No lugar de segurança, desconfiança. É assim que a estudante Ana*, 23, descreve sua relação com a Polícia Militar (PM). Em 2018, durante uma briga familiar, um militar a ameaçou. “Ele me mandou calar a boca, gritou palavrões e disse que nada aconteceria com ele e que voltaria para me ‘pegar’”, conta Ana. Ela diz que, um ano antes, policiais militares entraram na casa da avó dela e reviraram tudo, mesmo sem mandado, acreditando que o local era uma boca de fumo. Como a história de Ana, há várias. Em 2018, a Ouvidoria de Polícia do Estado recebeu por dia 11 manifestações com relação às polícias Militar e Civil, além do Corpo de Bombeiros – um total de 4.028. No ano anterior, foram 4.748 casos. No primeiro quadrimestre de 2019, o índice chegou a 1.287. Nos três períodos, 80% das manifestações são denúncias ou reclamações.
A PM foi alvo de mais da metade das queixas nos três anos. A Polícia Civil vem em segundo lugar, com mais de um terço das manifestações. Com relação ao Corpo de Bombeiros, o índice não atinge 10%.
O tratamento inadequado dado por militares aos cidadãos é o principal problema da PM, segundo levantamento da reportagem. “São em torno de 42 mil policiais. Então, o contingente é maior (se comparado ao de outras corporações). Além disso, o contato da PM com a população é direto. Esses problemas ocorrem na hora da abordagem. Há um desentendimento entre policial e cidadão”, explica o ouvidor de polícia Paulo Alckimin.
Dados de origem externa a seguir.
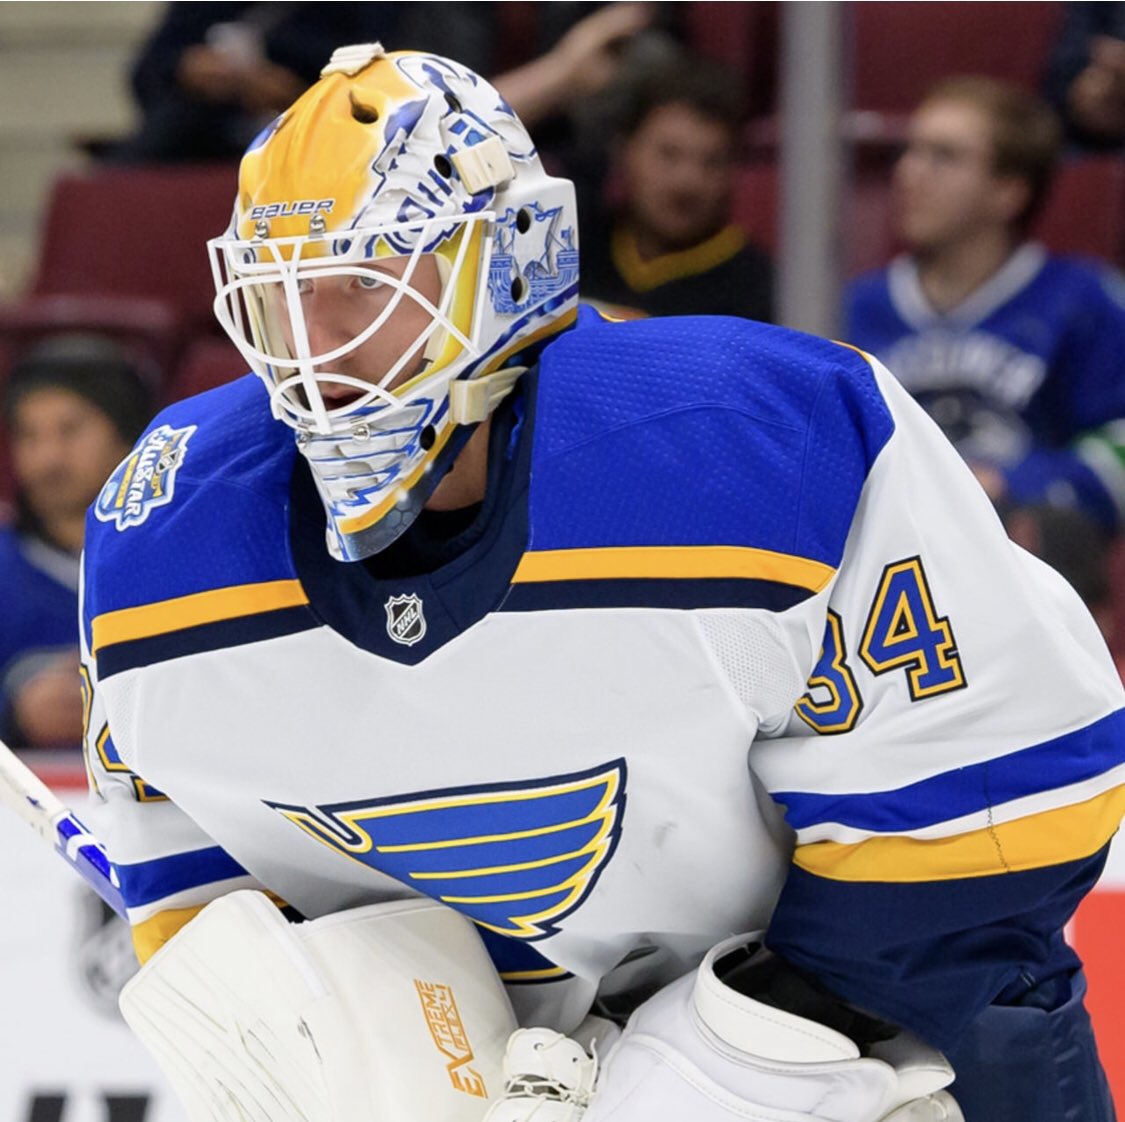 Can confidently say there’s nowhere else Canadiens fans will find out more about their new goalie  @34jallen than InGoal; we’ll start with a link to our LENGTHY podcast interview during pause:  https://ingoalmag.com/magazine/2020/06/02/ingoal-radio-episode-72-jake-allen/

Segundo ele, todos os casos são reportados às corregedorias das corporações, já que a ouvidoria não tem poder de apuração. Depois, o relatório volta para o órgão, que decide se a questão está esgotada ou não. As penalizações vão de advertência a expulsão da corporação.
Na Polícia Civil, o problema maior diz respeito à má qualidade do serviço – ultrapassando 40% das manifestações. Segundo Alckimin, o quesito tem relação com o treinamento dos profissionais: “Tudo se inicia na academia. Tomamos algumas providências e fazemos contato com a diretora da Acadepol (Academia de Polícia)”.
O engenheiro Samuel Amâncio, 28, diz ter sido mal atendido pela Polícia Civil em maio, quando não conseguiu registrar uma ocorrência em uma delegacia após sofrer um acidente de carro: “Na porta, já disseram que só era possível fazer o boletim pela internet”. A corporação informou que o servidor não pode se negar a registrar ocorrências.
O déficit de profissionais (de 43,4%) é outro problema para a Civil. Na semana passada, o delegado geral Wagner Pinto classificou a situação como “alarmante” em audiência na Assembleia. Segundo ele, em Minas, não há delegados em ao menos 72 comarcas. A falta de pessoal é um desafio que a delegada Alessandra Bueno da Rosa, da 2ª Delegacia de Sabará, na região metropolitana, enfrenta. A equipe tem quatro pessoas, e o ideal, segundo ela, seriam nove. “Nós temos que estar motivados pelo amor à polícia”, diz.
Sobre o número baixo de queixas relativas ao Corpo de Bombeiros, Alckimin considera que tem relação com a sensação de heroísmo que o trabalho da corporação provoca nas pessoas.
Serviço.
Os cidadãos podem fazer queixas pelo www.ouvidoriageral.mg.gov.br, pelo WhatsApp (31) 99802-9713 ou, pessoalmente, na Cidade Administrativa (12º andar do prédio Gerais).
Respostas
Polícia Militar.
Em nota, a corporação informou que sua corregedoria atua em todas as ocorrências relacionadas aos militares. O porta-voz da polícia, major Flávio Santiago, explicou que o trabalho desenvolvido pelas bases comunitárias vem permitindo que a PM se torne referência no atendimento à população. No que se refere ao treinamento dos militares, ele disse que “a PM é a instituição brasileira que mais cadernos (conteúdos) doutrinários possui”.
Polícia Civil.
Também por meio de nota, a corporação afirmou que os servidores estão sendo capacitados na Academia de Polícia.
Corpo de Bombeiros.
Segundo a instituição, os cursos de formação reforçam com os militares a importância de desempenharem a função com comprometimento e responsabilidade.